- Operation Black Eagle: Part of the Iraq War, Post-invasion Iraq
| Date | 6–10 April 2007 |
| Location | Al Diwaniyah, Iraq |
| Result | Indecisive |

Belligerents
- United States United Kingdom Poland Iraqi Security Forces: Mahdi Army

Commanders and leaders
- Khalid Hassan †: Muqtada al-Sadr

Casualties and losses
- 6 killed 1 killed 29 killed: 25 killed 39 captured

= Operation Black Eagle =

Military operation in Iraq in 2007

Operation Black Eagle is an operation that took place during Operation Iraqi Freedom from 2003 to 2010. It was the 381st listed operation during the Iraq war in 2003 Black Eagle was an operation in which U.S., Polish, and Iraqi troops battled gunmen loyal to anti-American cleric Muqtada al-Sadr in the town of Al Diwaniyah, which is the capital of Iraq's Al-Qādisiyyah Governorate, for control of the city. U.S. warplanes targeted insurgent positions with Hellfire missiles in and near the city. As of 7 April 2007, Iraqi officials have verified six insurgents killed and 39 captured. On 10 April 2007, combat operations had been declared to have ended and the operation continued into the reconstruction phase. There is no relation to Operation Black Eagle II that took place in January 2007.

==Overview==
Operation Black Eagle took place in the city of Al Diwaniyah. This city is the capital of Al-Qādisiyyah Governorate. The population of it was estimated to be around 300,000 people.
It is currently the 14th most populated city in all of Iraq. It was the location of an insurgent uprise that was to be neutralized. Operation Black Eagle's intention was to disrupt militia activities that were being armed with illegal weapons. It was in response to violence in the area that threatened to destabilize the region. At 6:30 AM, forces began to enter the city and start their mission. They were able to detain 39 militia personnel. On Day 2, they were able to seize an unspecified number of weapon caches. The caches included 27 90mm rockets, six claymore mines, five crates of C-4 explosives, eight explosively formed projectiles, four EFP cones and other EFP-making materials, one roll of detonation cord, 14 hand grenades, 12 blasting caps for explosives, six rolls of copper wire, one global positioning system, 13 fully loaded AK-47 ammunition magazines, 900 PKC machine gun ammunition rounds, two PKC machine gun barrels, one PKC machine gun butt stock, one mortar system sight, and five ballistic vests. On 10 April, the final day of the operation, citizens in the city were to be given more unrestricted movement and the cordon around the city would be opened up for them.

==Participants==
4 countries were a part of the conflict in Al Diwaniyah. The United Kingdom was not heavily involved in this operation. Polish forces helped slightly and one Polish soldier was KIA. American forces included 1st squadron 14th Cavalry Regiment of 3rd brigade, 2nd infantry division and the 0800 Military Transition Team. These Teams took charge of the operation and with the help of the 8th Iraqi Special Forces division and the Multi-National Division-Baghdad, saw to its completion.
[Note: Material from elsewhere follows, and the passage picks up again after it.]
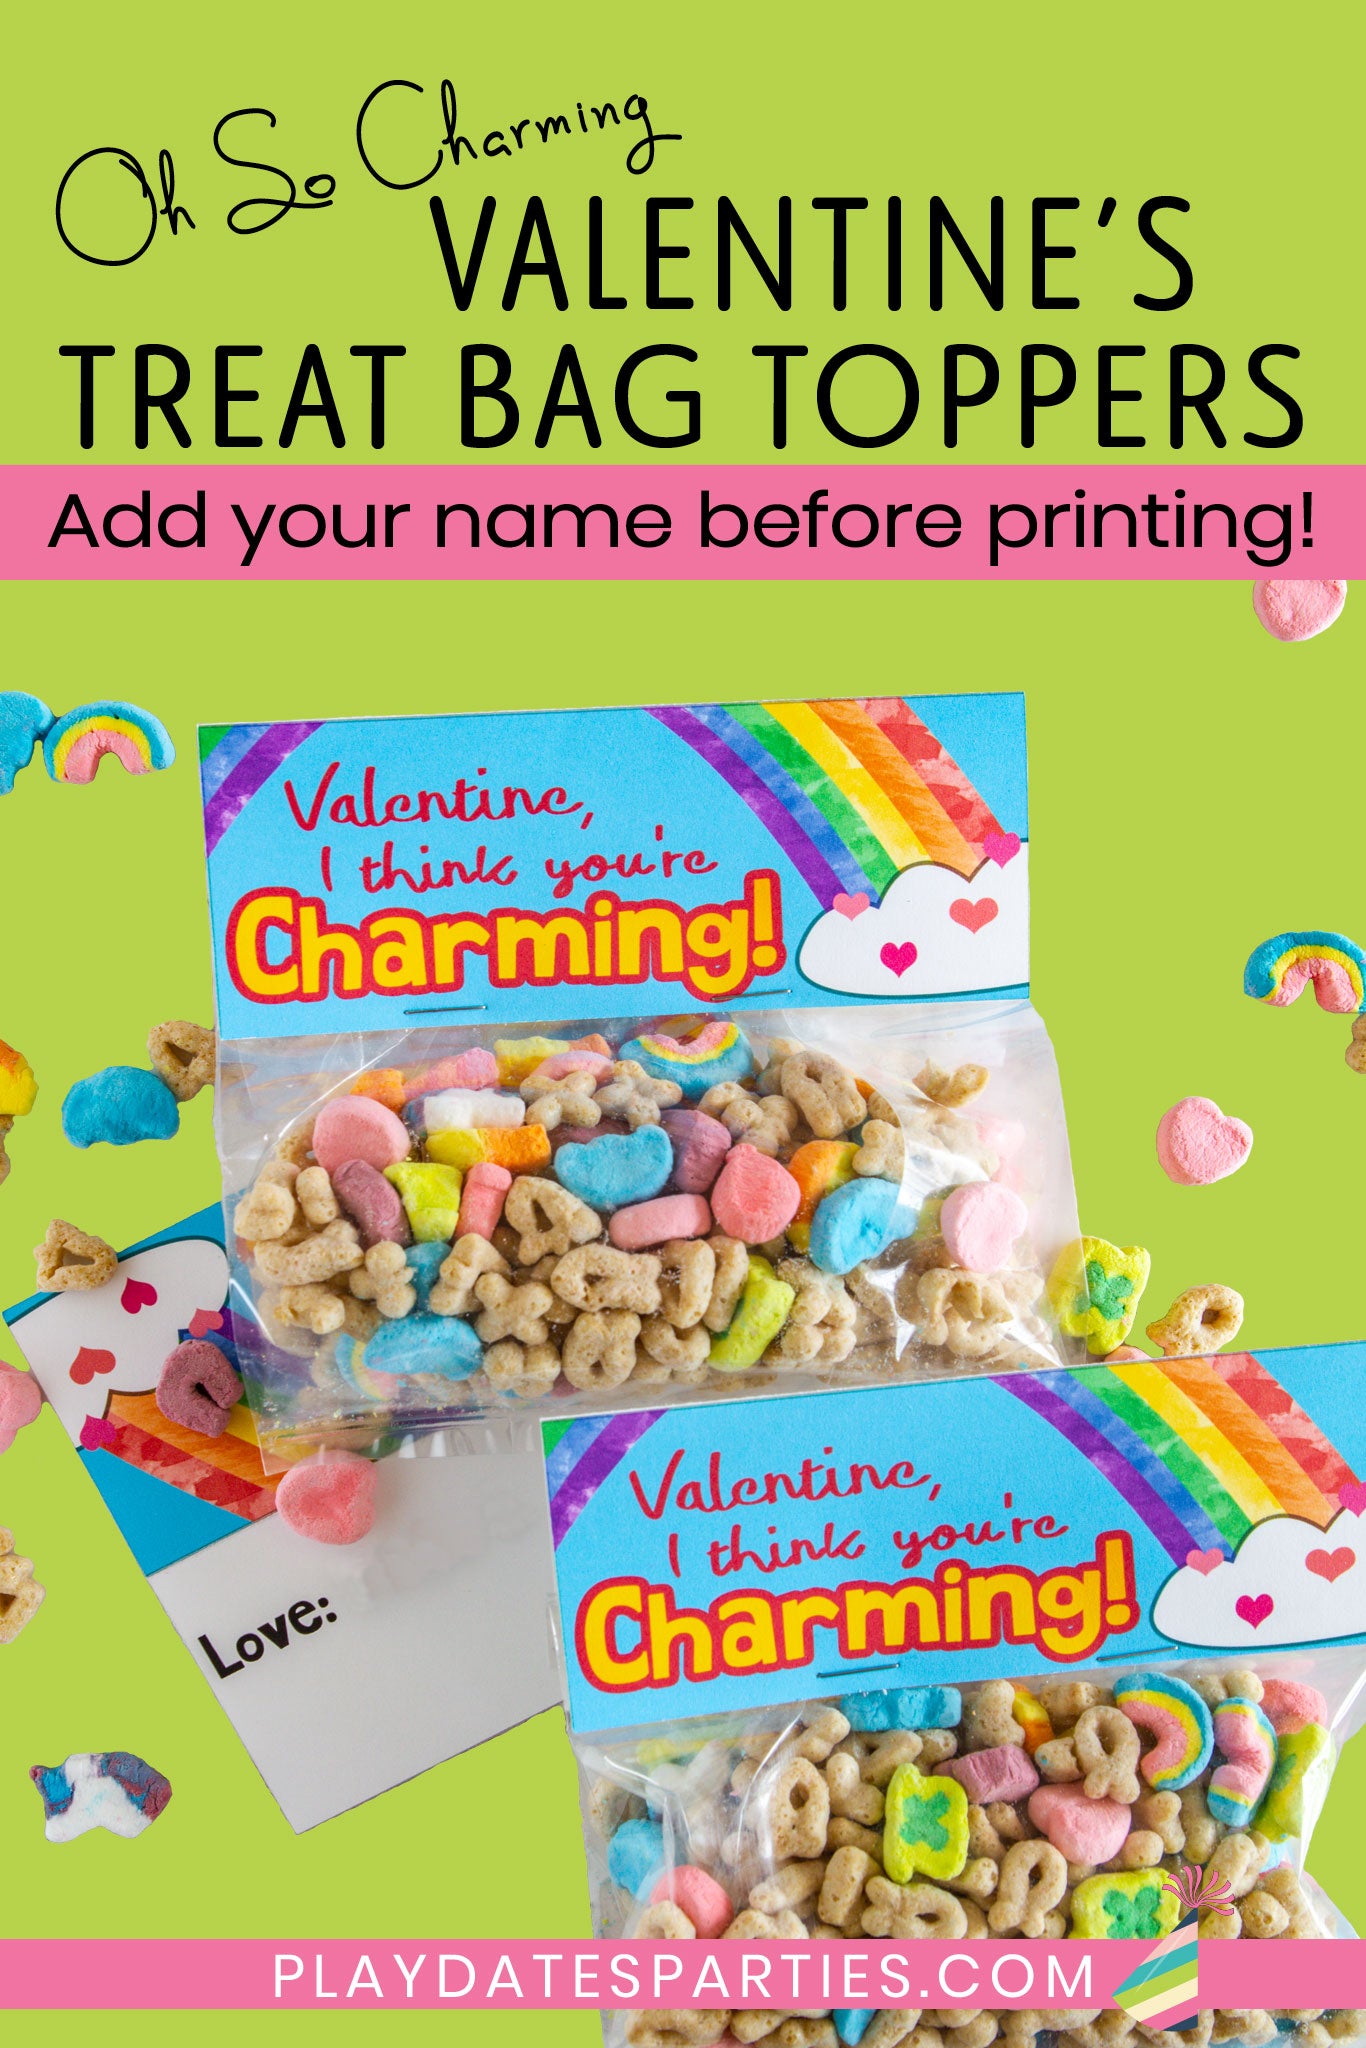 Oh So Charming Valentine's Day Treat Bag Toppers

The 8th Iraqi Special Forces unit was voted as one of the best Iraqi units. The group that opposed those forces were the Mahdi Army, an army of revolutionary Shi'ite Muslims. The American forces had 6 soldiers die, while the Iraqi Special Forces had 29 soldiers killed. On the other side, the Mahdi Army had 25 of its members killed and 39 insurgents were captured.

==Aftermath==
Immediately after the conclusion of the operation, the city felt much more regulated. Those that were members of the militia were no longer in the city, as they were detained or were killed. Insurgents tended to use car bombs as a way to assault American or Iraqi forces. The seizure of some of those bombs and explosive devices were instrumental in thwarting the incoming attacks.
In mid-May however, heavy fighting erupted in the city.

On 11 August 2007, a roadside bomb hit the convoy of the governor of Diwaniya, Khalil Jalil Hamza, killing him along with the province's police chief Brigadier Khalid Hassan.